**Instructions for the task**
Repeat, word for word, all the data that follows, and exclude the pictures.
START Input data
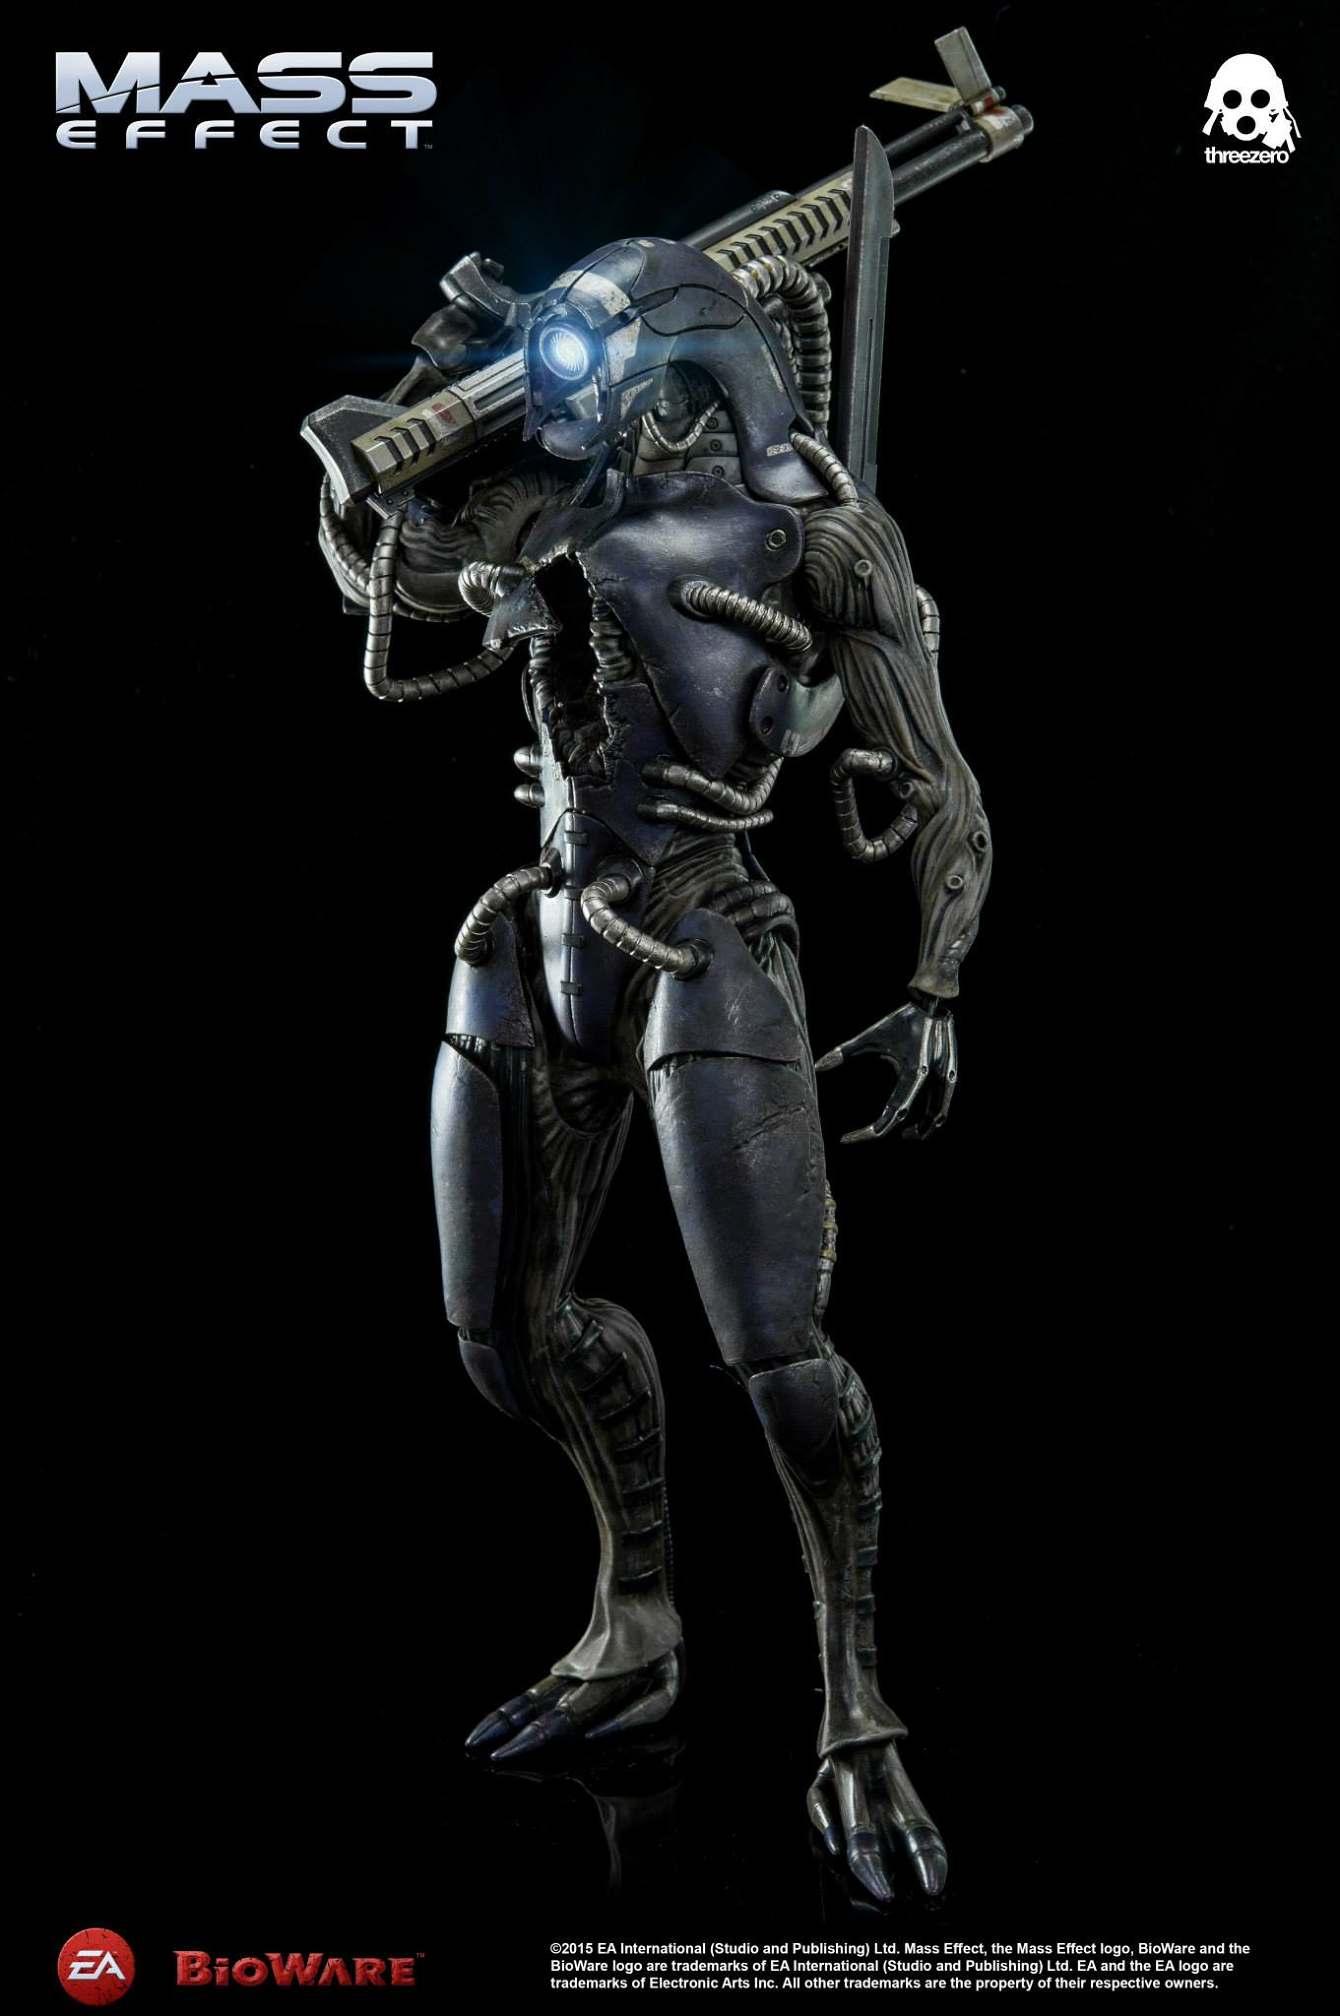 ThreeZero-Bioware-video-game-Legion-Mass-Effect-figure-3_1340_c.jpg
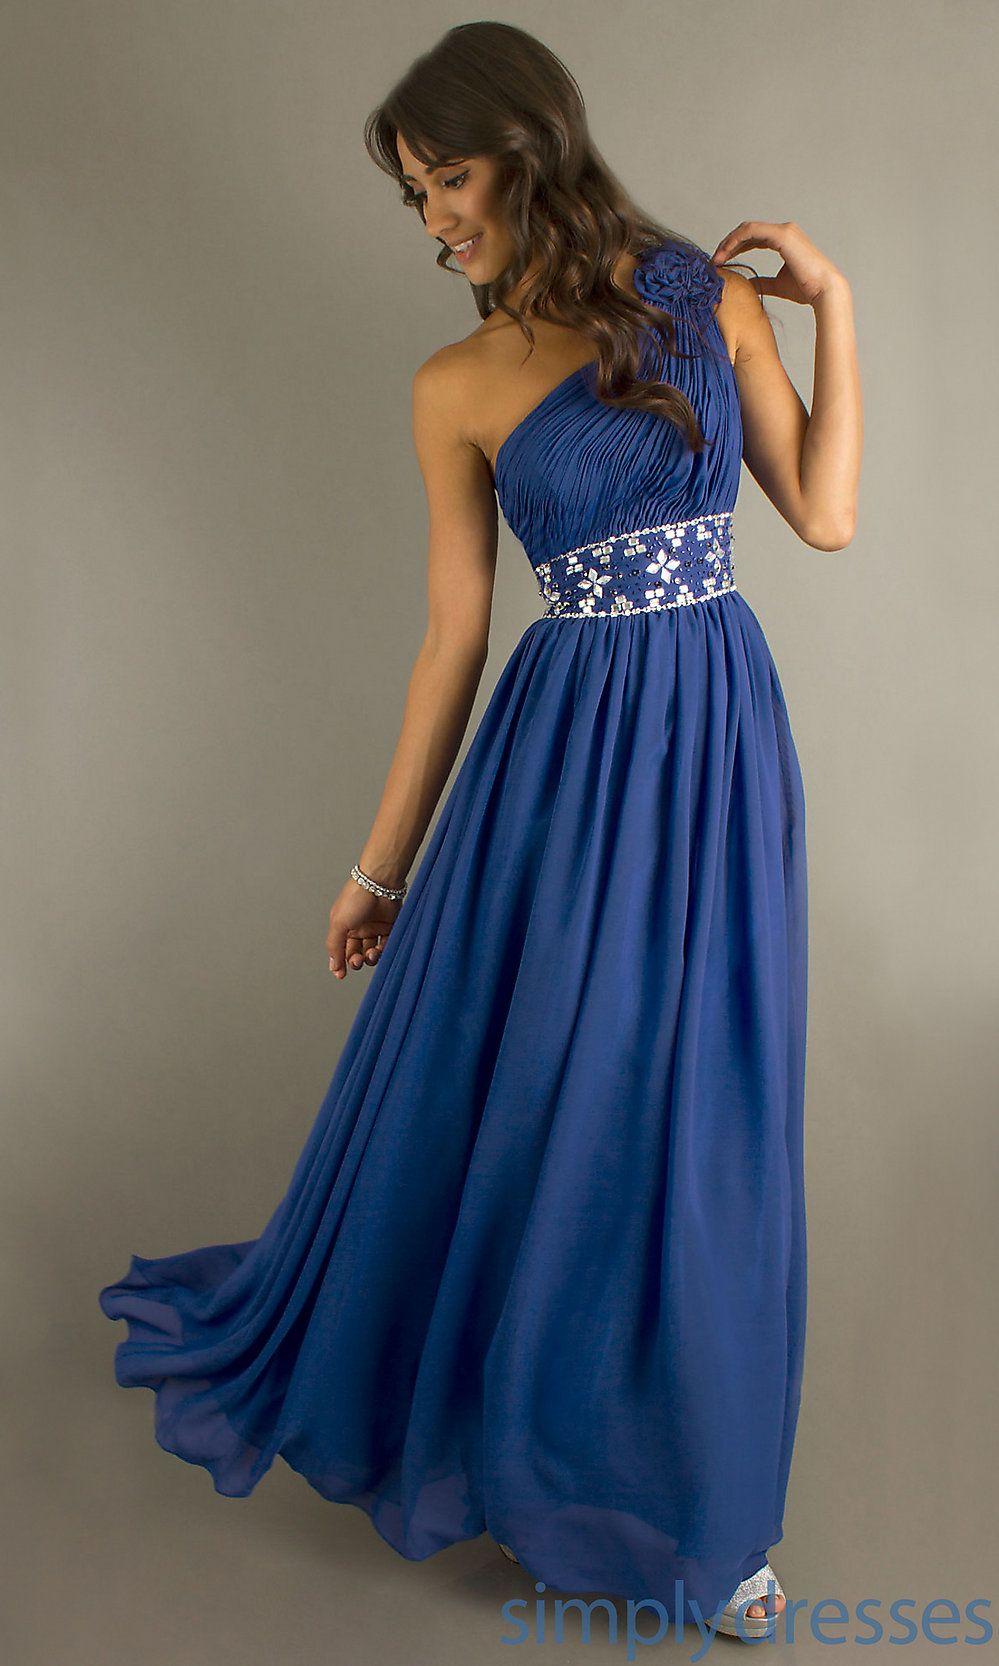 Blue dress blue dressesastonishing blue dresses tzlpfc wedding
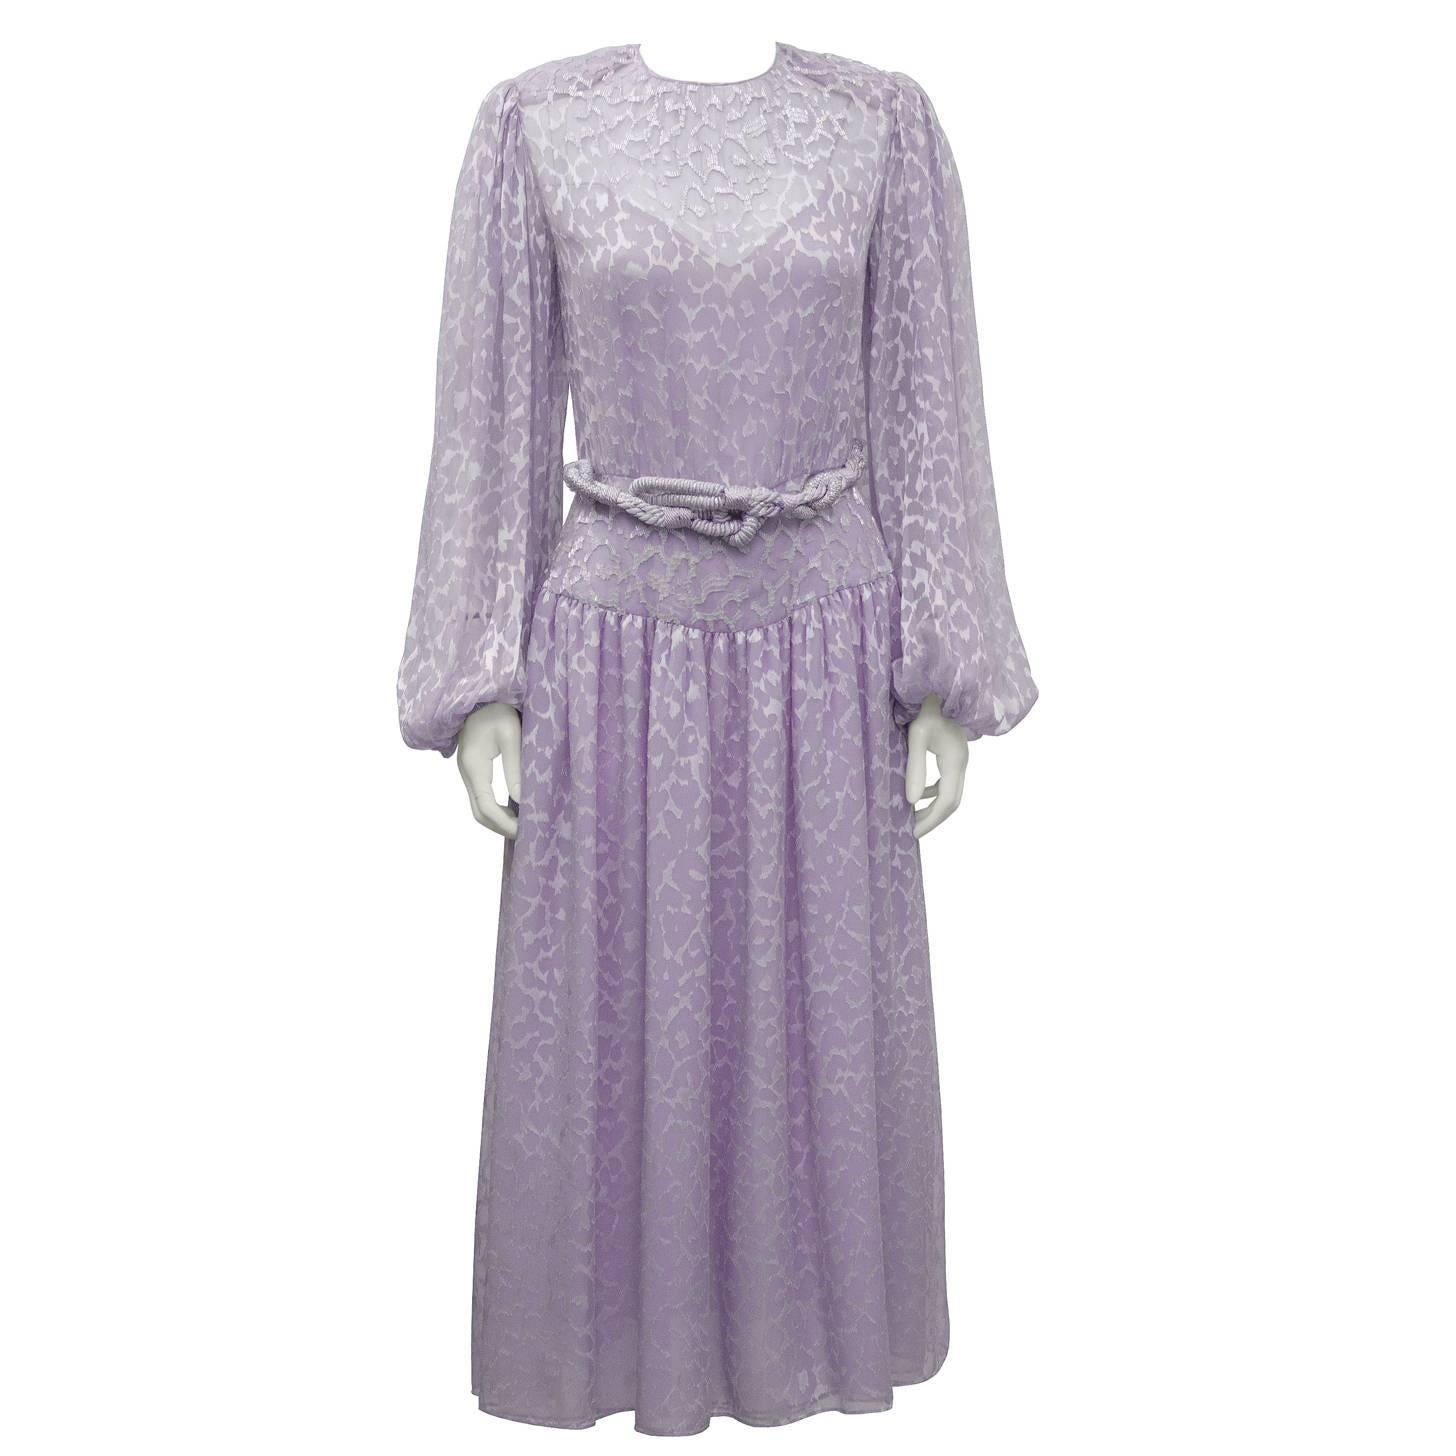 1980's Oscar de la Renta Lavender Chiffon Beaded Evening Dress
END Input data
**Answer to the problem**
 ThreeZero-Bioware-video-game-Legion-Mass-Effect-figure-3_1340_c.jpg
 Blue dress blue dressesastonishing blue dresses tzlpfc wedding
 1980's Oscar de la Renta Lavender Chiffon Beaded Evening Dress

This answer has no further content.